Hawaii has been largely successful in preventing snakes from entering the island paradise over the years and avoiding the grave danger they present to tropical birds, colorful plants and the vibrant environment that draws millions of tourists to the state each year.
But the recent capture of escaped pet snakes — illegal in Hawaii — and the infestation of Guam by brown tree snakes, which could easily make it here via cargo ship, have alarmed wildlife and agriculture officials.Without any natural predators, authorities say it wouldn’t take much for snakes to take root and multiply, potentially killing off endangered birds and flowers that make the islands special. Hawaii, home to more endangered species per square mile than anywhere else in the world, could potentially face the same fate as Guam, where brown tree snakes overran the island following World War II and wiped most birds from the skies.

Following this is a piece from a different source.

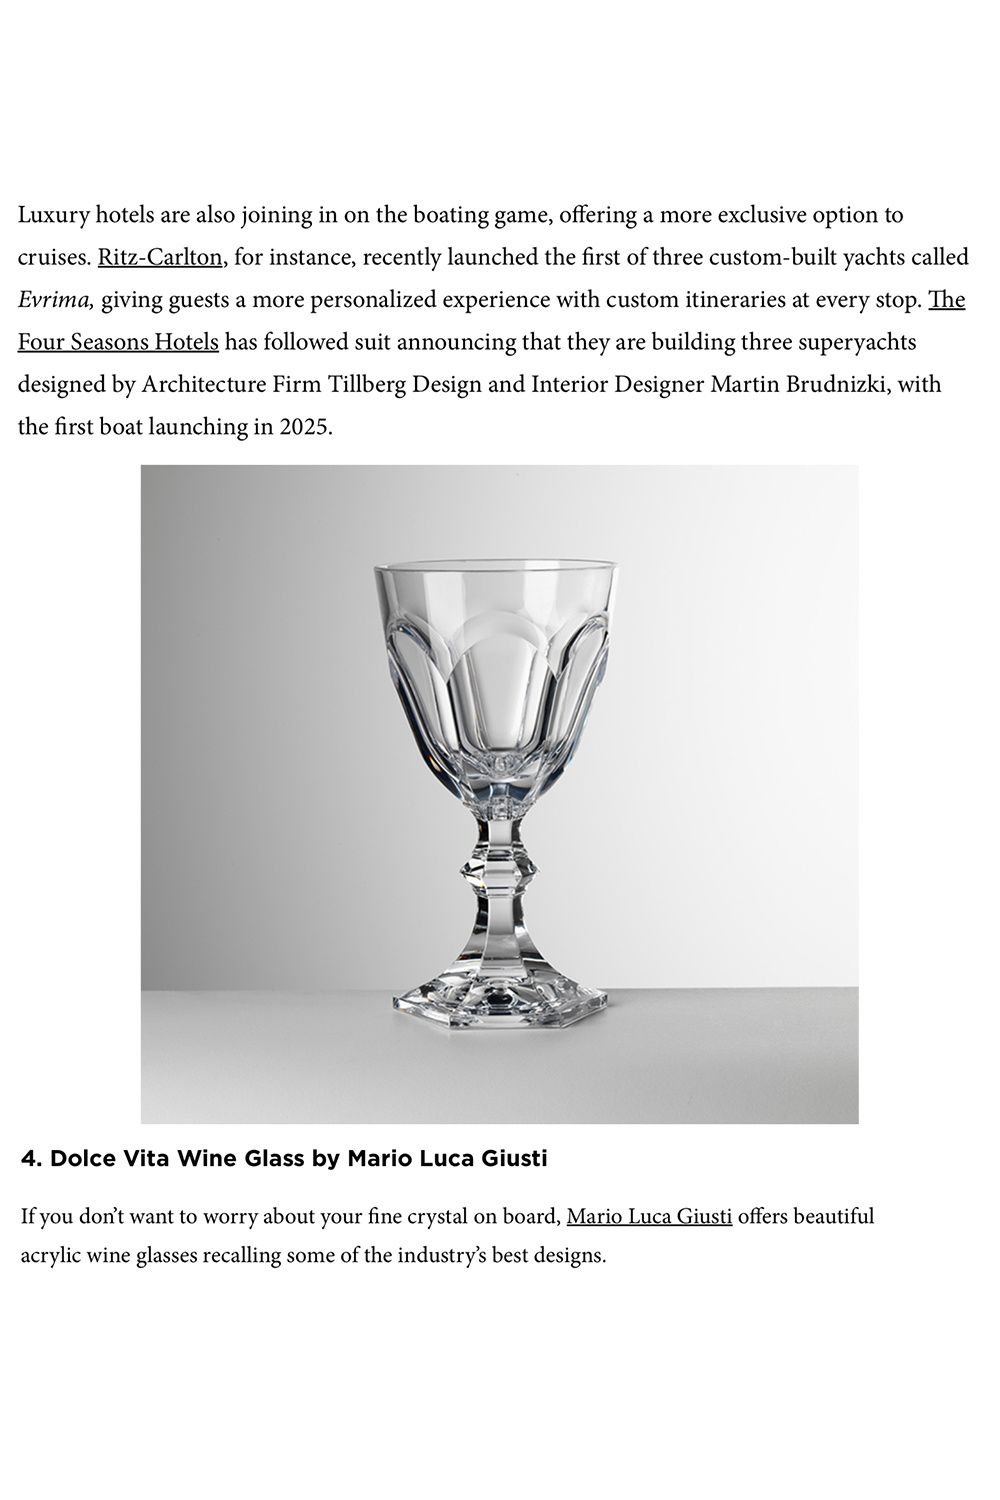 Dolce Vita Wine Glass by Mario Luca Giusti
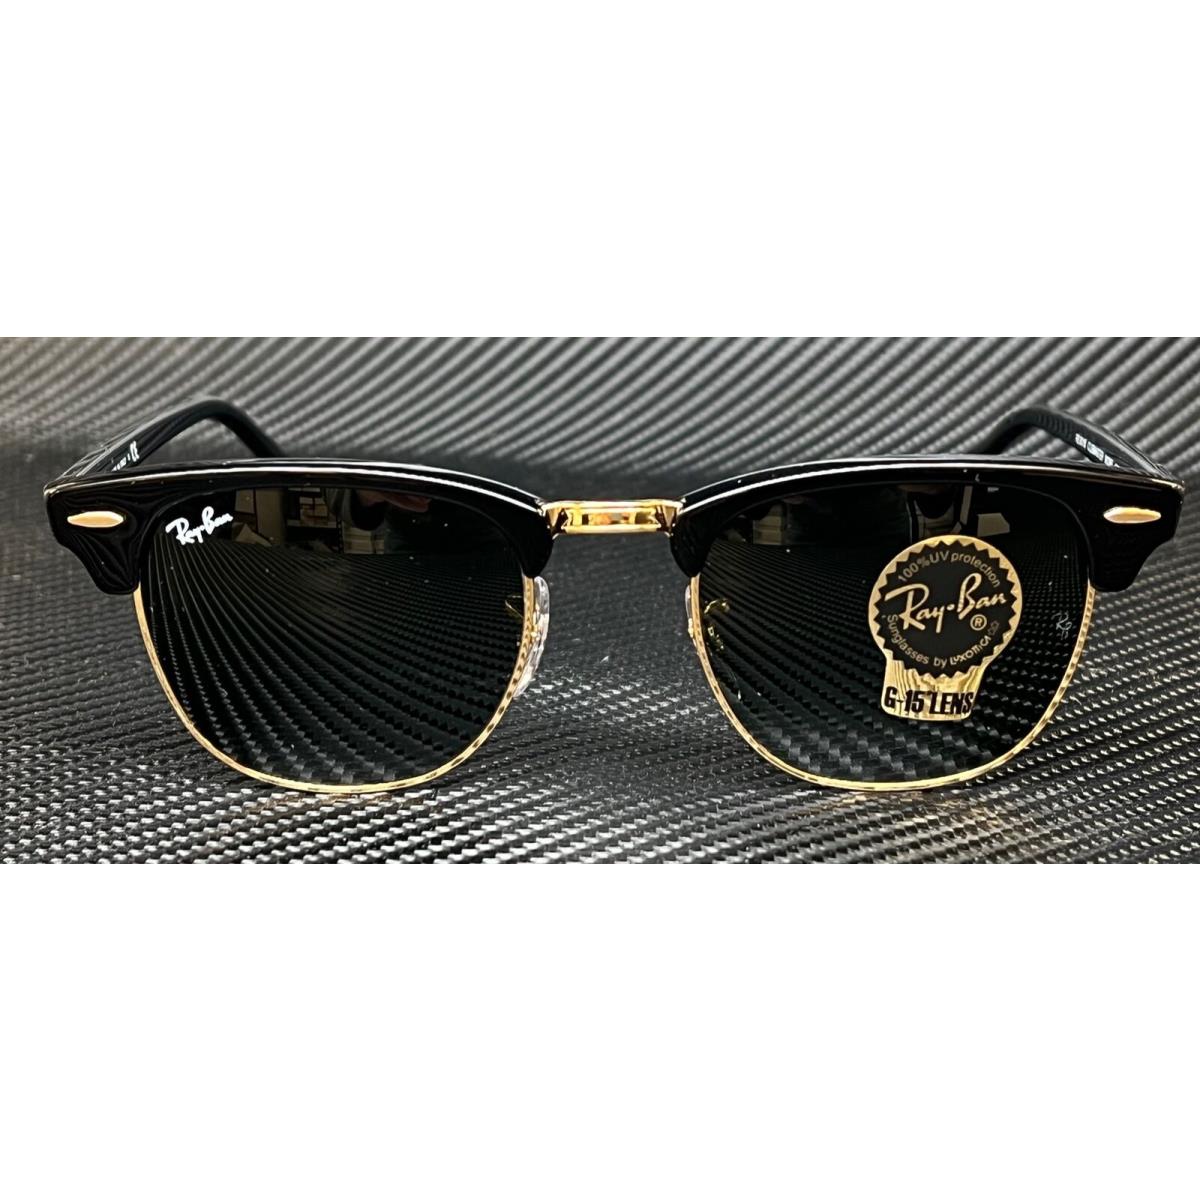 Ray Ban RB3016 W0365 Black on Arista Square 49 mm Unisex Sunglasses - Frame: Black, Lens: Green

“It has a high potential to be devastating to Hawaii,” said Earl Campbell, assistant field supervisor for the Pacific Islands Fish and Wildlife Office within the U.S. Fish and Wildlife Service. “I would look at Guam as the template for what could happen in a range of tropical Pacific Islands that have no snakes.”
Hawaii is so serious about keeping snakes out that the fine for possessing an illegal animal can reach $200,000 and up to three years in prison. But snake owners are granted amnesty if they willingly turn their pets over.
Residents who unlawfully keep snakes as pets create a giant risk when the reptiles escape or are released into the wild. A 9-foot boa constrictor and 7-foot albino Burmese python were captured this month.
“No pet snake is welcome because all it’s going to take is the next earthquake, tsunami or hurricane to blow open all those enclosures and introduce to the islands all those pets that were being kept in a house,” said Fern Duvall, a wildlife biologist for the state Division of Forestry and Wildlife on Maui. “It’s really a grievous problem.”
Besides the snake pet threat, environmentalists also fear that snakes could find their way to Hawaii by hitchhiking on cargo ships, undetected by short-staffed agriculture inspectors.
If snakes nested and reproduced, it would quickly be too late to stop them and the Hawaiian islands would be changed forever, said Christy Martin, spokeswoman for the state’s Coordinating Group on Alien Pest Species.